While sarcopenia and obesity are increasingly recognized as significant health issues individually, their combined impact remains poorly understood. Ozkok et al. found that sarcopenic obesity, characterized by the coexistence of sarcopenia and obesity, was associated with better physical performance and lower frailty compared to sarcopenia alone [17]. Consistently to our study, Liu et al. found in a 3-year prospective cohort study that sarcopenia, but not sarcopenic obesity, was a predictor of mortality in older men [14]. Contrary to our study, Prado et al. demonstrated that sarcopenic obesity was associated with poorer functional status compared to obese patients without sarcopenia. However, they did not compare the overall survival time differences between non-obese sarcopenia and sarcopenic obesity. In this study, both non-obese and obese sarcopenia were identified as independent risk factors for postoperative complications. However, only non-obese sarcopenia emerged as an independent risk factor for overall survival, whereas sarcopenic obesity did not. The different effects of sarcopenic obesity on postoperative complication and overall survival may be attributed to the significant metabolic disturbances and inflammation associated with obesity, which may lead to an insufficient response and recovery to surgical stress. However, in the long term, the detrimental effects of obesity might not manifest because patients died early due to cancer recurrence or other cancer-related factors.

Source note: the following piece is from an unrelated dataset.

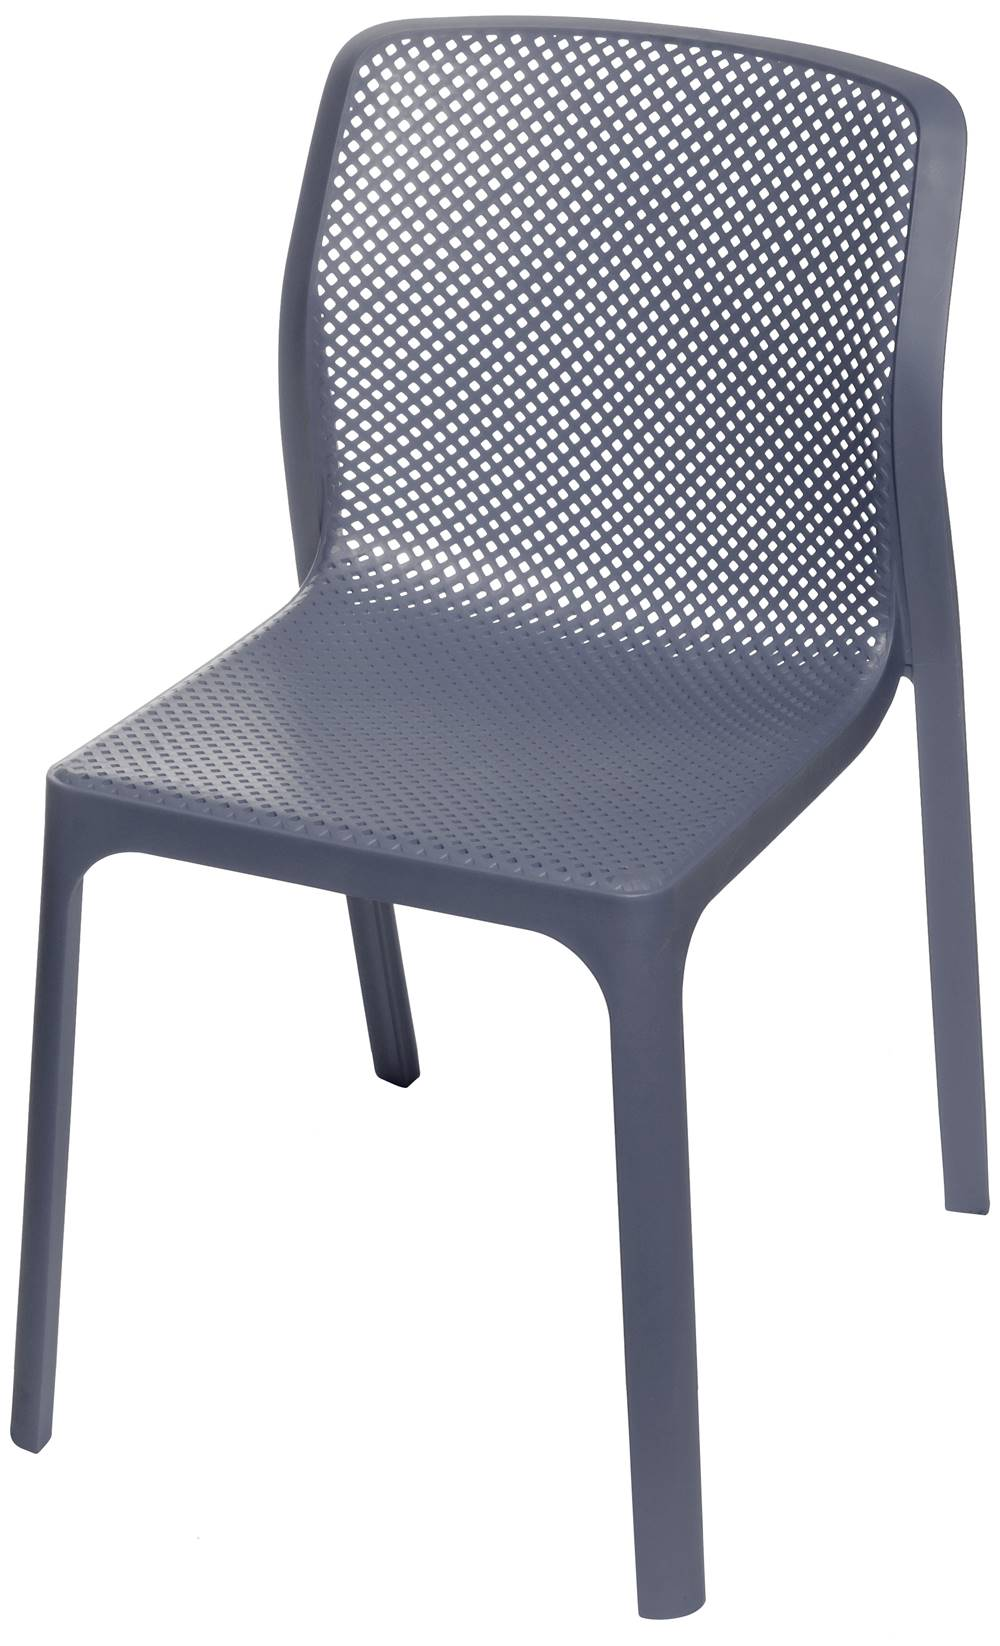 Cadeira Bit Nard Empilhavel Polipropileno Preta - 53558

On the other hand, obesity may confer a certain physiological resilience, allowing patients to endure the effects of cancer cachexia for a longer duration compared to non-obese counterparts, potentially extending their survival. Besides, peritumoral adipose tissue inflammation in obese patients may also count for prolonged survival [6].

Our study had some potential limitations. First, it was a single-center study, despite the large sample size. The findings should be validated by a multicenter, prospective analysis. Second, the observational design of our study does not allow us to draw firm conclusions about the causal relationship between sarcopenia and adverse clinical outcomes. However, data were prospectively collected to minimize recall bias. Third, the cut-off values for low SMI and low SMD were derived from our previous studies due to the lack of a unified standard [10, 11]. Nevertheless, we believe that using cut-off values from Chinese-specific large-sample studies can yield more accurate results, considering racial differences. Fourth, because we are in the surgical department where the majority of patients undergoing surgery present with curable gastric cancer, we did not record the data likes ascites, which may limit the generalization of this study's findings.

In conclusion, our study demonstrated that sarcopenia, irrespective of obesity status, is a significant independent risk factor for postoperative complications. Nevertheless, non-obese sarcopenia, but not sarcopenic obesity, is an independent predictor of overall survival. These finding suggests the presence of an obesity paradox in terms of long-term survival among sarcopenia patients.